Сорелла задумалась на несколько секунд, словно желая точнее припомнить слова.

— Он сказал: «Ну, ну, малышка!» Таким американским голосом — ну вы знаете, как он говорит. Попытался успокоить Люсиль, но стало только хуже. А потом она заявила: «Я, знаешь ли, не приехала бы в эту богадельню, если бы не Рэндал. И если ты думаешь, что ему удастся бросить меня ради какой-то белокожей светской девицы, даже увешанной с ног до головы дорогими побрякушками, то ты ошибаешься. — Сорелла с коротким смешком добавила: — Когда Люсиль злится, то начинает разговаривать совсем как в американских комиксах.

Рэндал, рассмеявшись, допил виски.

— Просто Люсиль пытается говорить так, как ее собеседник. Эдвард Джепсон начинал как ковбой, но сегодня никто в это не поверит! Что ж, думаю, мне лучше последовать твоему совету.

— А разве я давала вам совет? — удивилась Сорелла.

— О да! Ты сказала мне, что, если я желаю успеха своей пьесе, надо позаботиться о том, чтобы Люсиль была в хорошем настроении. Вопрос только, в каком настроении будет Джейн, если я переключу свое внимание на Люсиль?

Рэндал улыбнулся Сорелле неотразимой лукавой улыбкой нашкодившего школьника, затем поднялся и подошел к телефону.

— Сорелла, поверь, женщины — это исчадия ада, — со вздохом проговорил он.

Сорелла ничего не ответила. Поднимая трубку, Рэндал увидел на ее лице странное выражение. Он спросил бы девочку, о чем она думает, если бы не начал набирать номер Джейн.

На самом деле его слова вызвали у Сореллы неприятные воспоминания. Те же самые слова произнес ее отец пять лет назад, меряя шагами комнату.

«Женщины — исчадия ада, Сорелла, — сказал он, — настоящие исчадия ада. Я перебрал все трюки, какие знал. Теперь твоя очередь».

«Но что я могу сделать?» — спросила она тогда.
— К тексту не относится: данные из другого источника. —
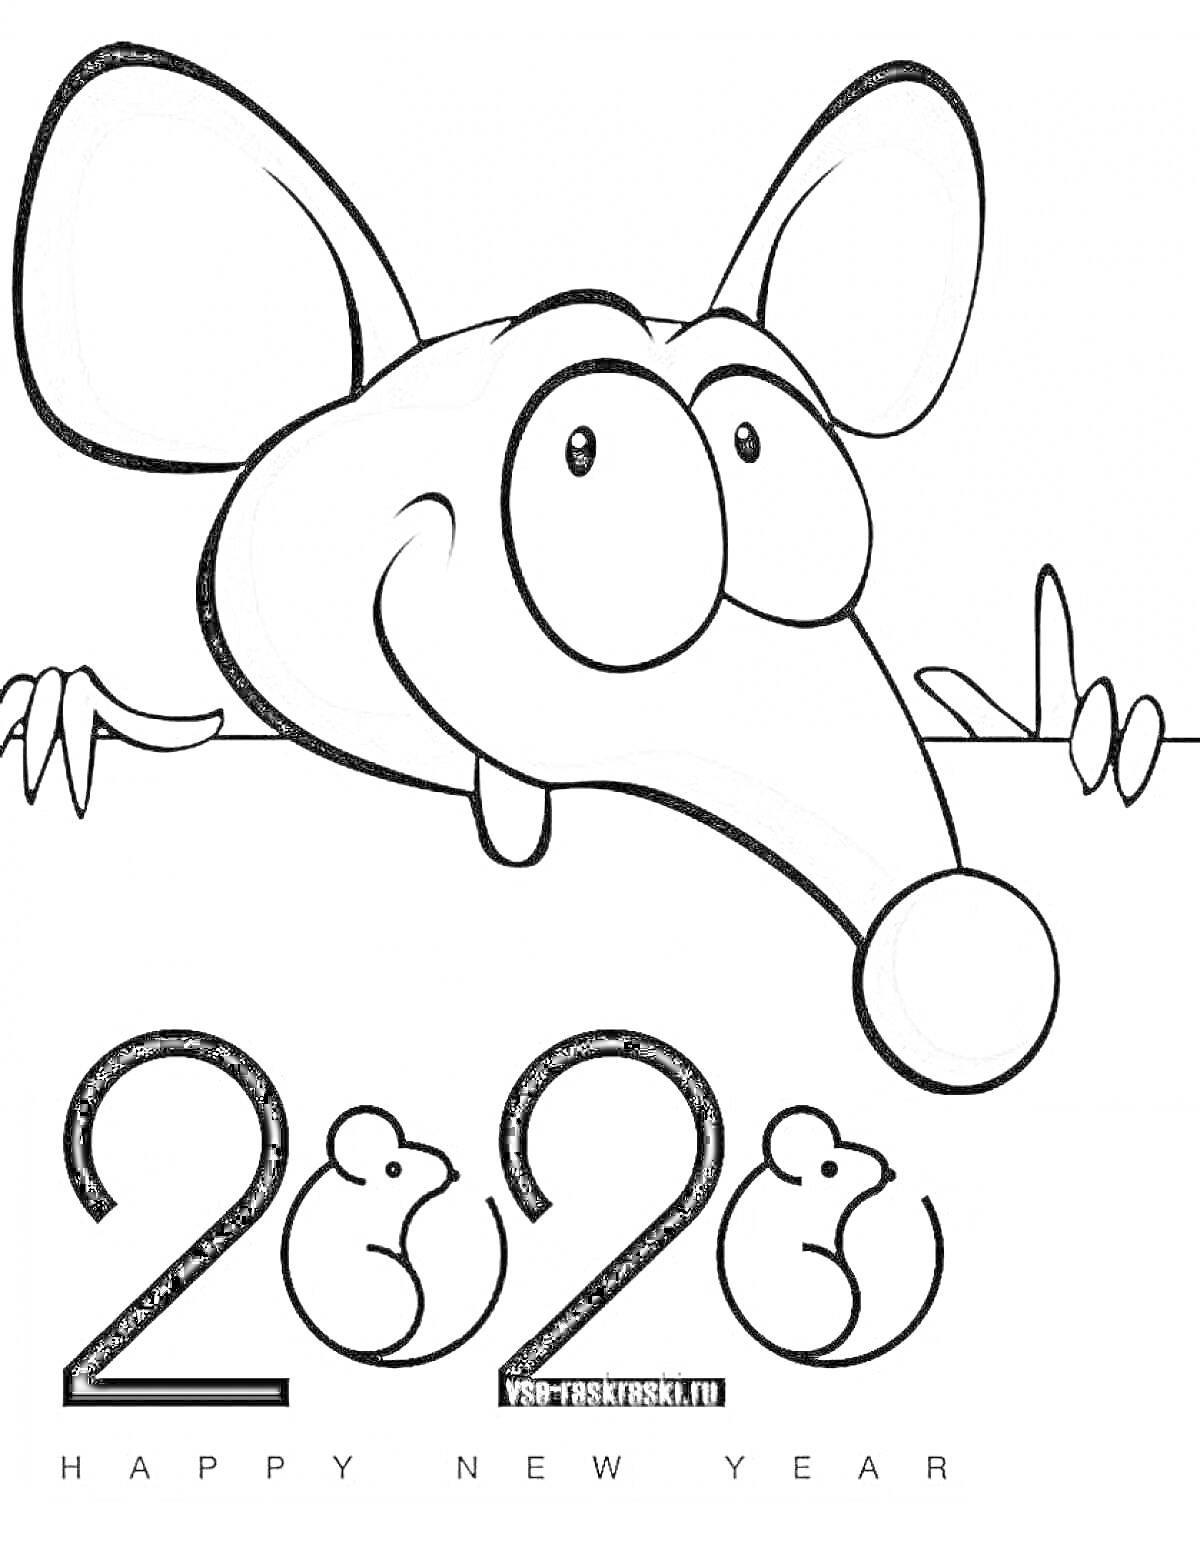 Крыса с большими ушами в 2020 году, с надписью 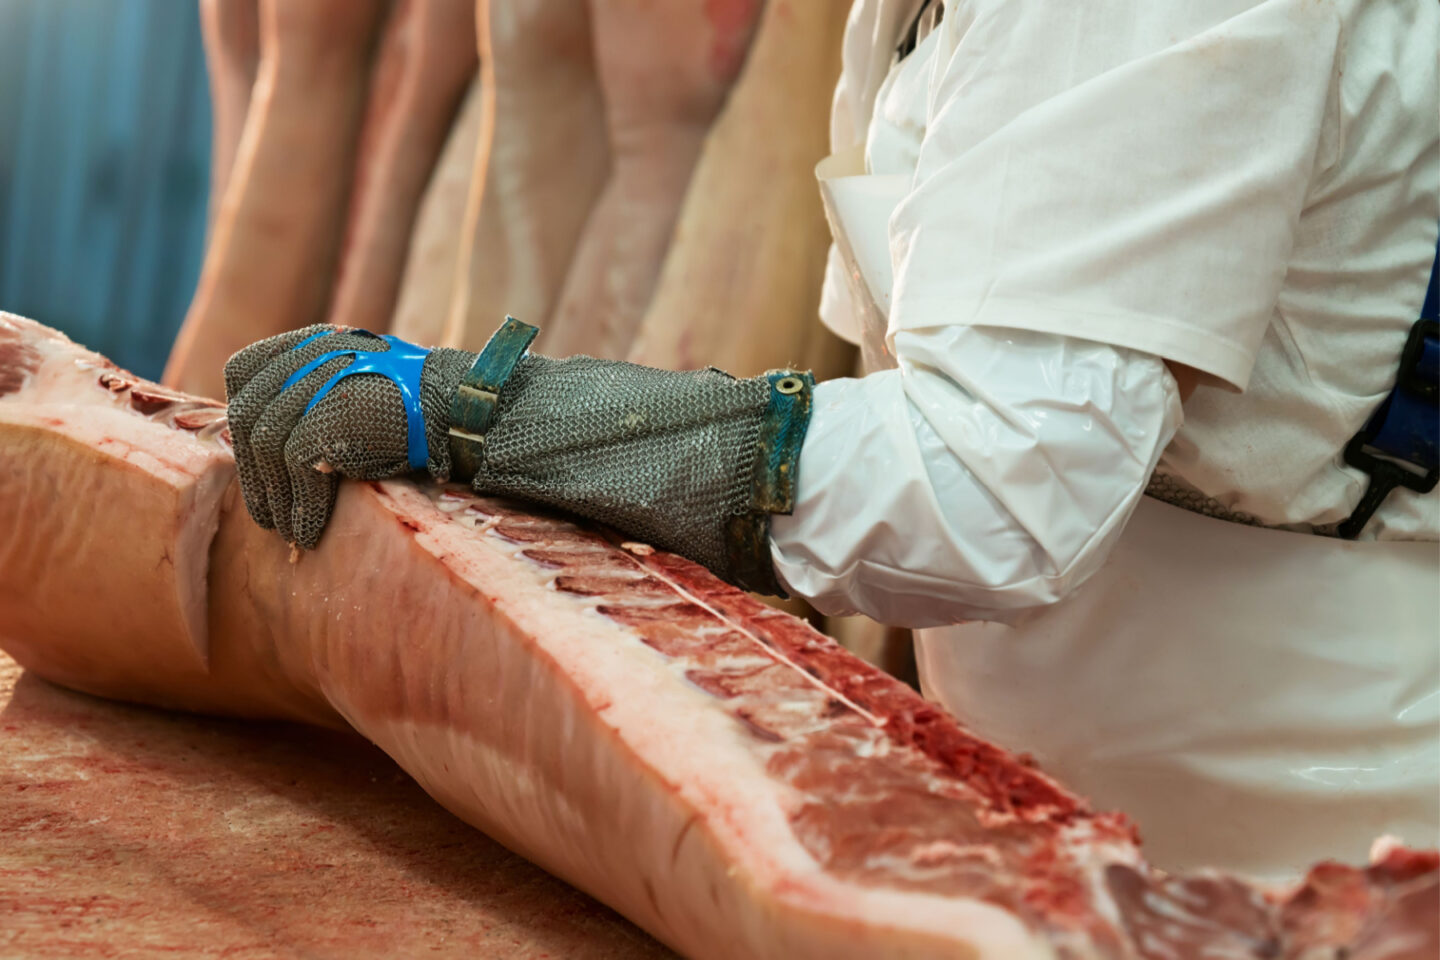 butcher slicing pork chops

«Ты должна что-то сделать, причем быстро. У меня осталась последняя пятерка, а надо оплатить счет за две недели. Управляющий вчера сказал мне об этом. Я объяснил ему, что со дня на день жду чек из Англии. Ты знаешь не хуже меня, что этот чек сидит здесь, в гостинице, в лучшем номере и с собственной машиной у дверей».

«Папа, но ведь ясно, что миссис Лазар не хочет тебя знать. Вспомни, когда ты заговорил с ней вчера вечером в лифте, она посмотрела на тебя холодно, а сегодня утром, когда миссис Лазар увидела, что ты вошел в холл, она отвернулась».

«Это вовсе не означает, что она не хочет видеть меня, Сорелла, — ответил Дарси Форест. — Женщины — странные создания. Если их добиваться слишком явно, они притворяются, что не хотят тебя знать. Но, стоит тебе направить стопы в другую сторону, они тут же кидаются за тобой. Однако дело в том, что сейчас у нас нет времени на эту игру, на то, чтобы осторожно обложить жертву, как можно было бы сделать при других обстоятельствах. Нам, моя куколка, надо действовать быстро, и вот тут на сцену должна выйти ты».

«Как это?» — поинтересовалась Сорелла.

Дарси Форест какое-то время молчал, пощелкивая пальцем по зубам. Так он всегда делал, когда был погружен в глубокие раздумья. Сорелла хорошо знала эту привычку отца.

«Дай подумать. — Дарси потер подбородок и вдруг щелкнул пальцами, одновременно выругавшись. — Нашел! — сказал он. — Путь к сердцу мадам лежит через собачку».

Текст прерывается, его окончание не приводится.